Try to specify the criteria that match the kind of download you are trying to achieve. If you want to download only one page, use '--page-requisites' without any additional recursion. If you want to download things under one directory, use '-np' to avoid downloading things from other directories. If you want to download all the files from one directory, use '-l 1' to make sure the recursion depth never exceeds one.

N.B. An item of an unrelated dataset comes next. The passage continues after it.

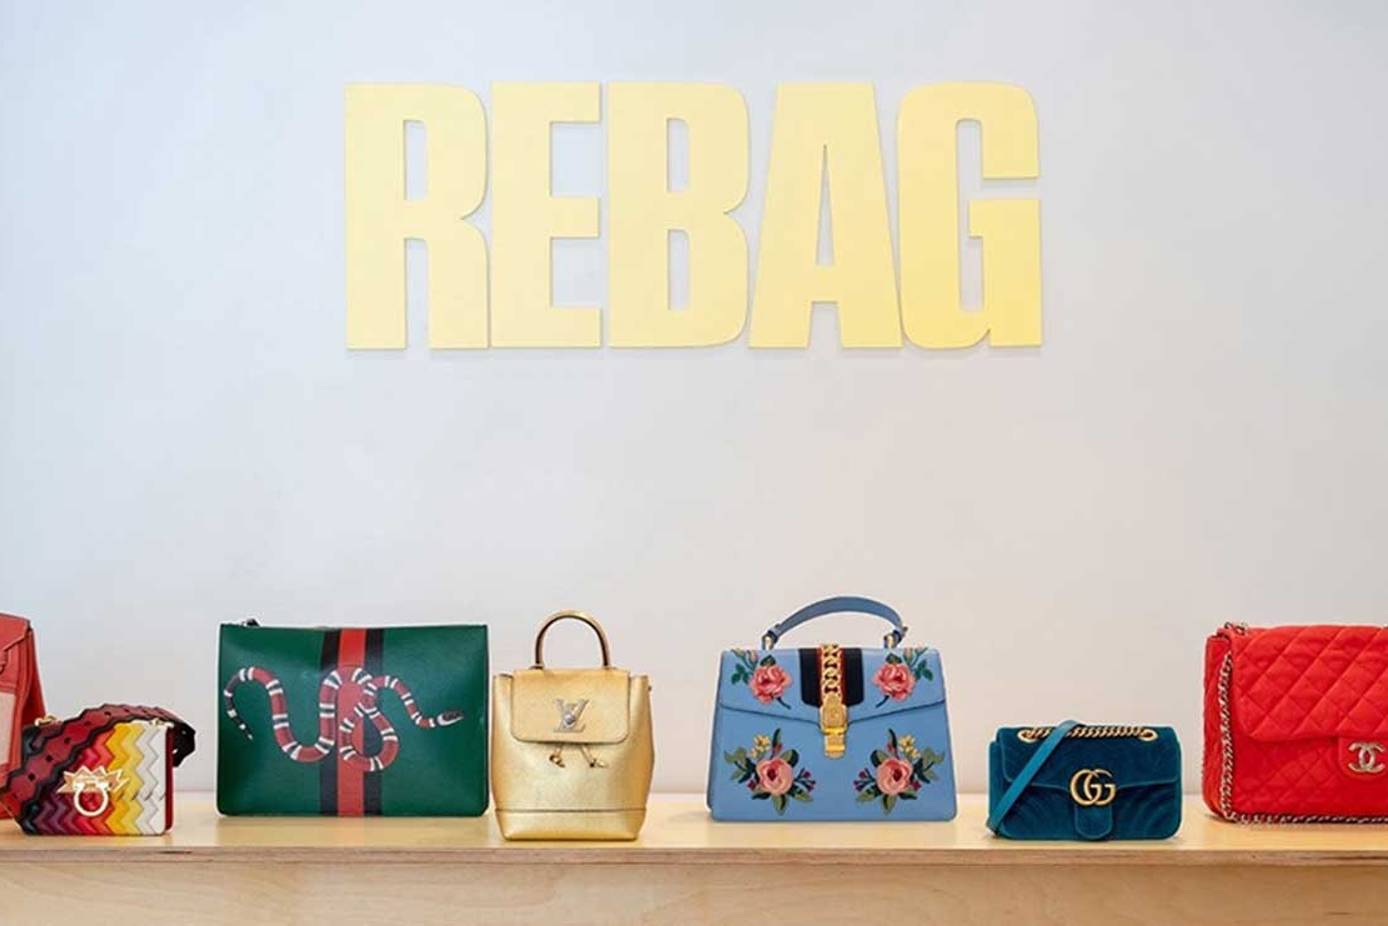 Virtual Gucci bag sold by more than 4.000 US dollars

2. Download multiple files from PO.DAAC Drive

In order to access PO.DAAC Drive, all users are required to be registered with NASA Earthdata Login. User can login to the PO.DAAC Drive using the following link https://podaac-tools.jpl.nasa.gov/drive/. Figure 1 shows the WebDAV/Programmatic API credentials which will be used later to access the files through wget command. Please note that the password is encrypted, it is different from the Earthdata Login password.
podaac_drive_login.png
Figure 1: PO.DAAC Drive Login Credential Screen
podaac_drive_login.png (32.3 KiB) Viewed 2099 times


We take the GHRSST SST Level 2 AMSRE datset from REMSS as an example (Figure 2).
podaac_amsre_access.png
Figure 2: PO.DAAC AMSRE L2 v7 Dataset
podaac_amsre_access.png (116.92 KiB) Viewed 2106 times


* To download one day data files
Code: Select all
% wget --user=LOGIN --password=PASSWORD -r -nc -np -nH -nd -A "*.nc" "https://podaac-tools.jpl.nasa.gov/drive/files/allData/ghrsst/data/GDS2/L2P/AMSRE/REMSS/v7/2011/001/”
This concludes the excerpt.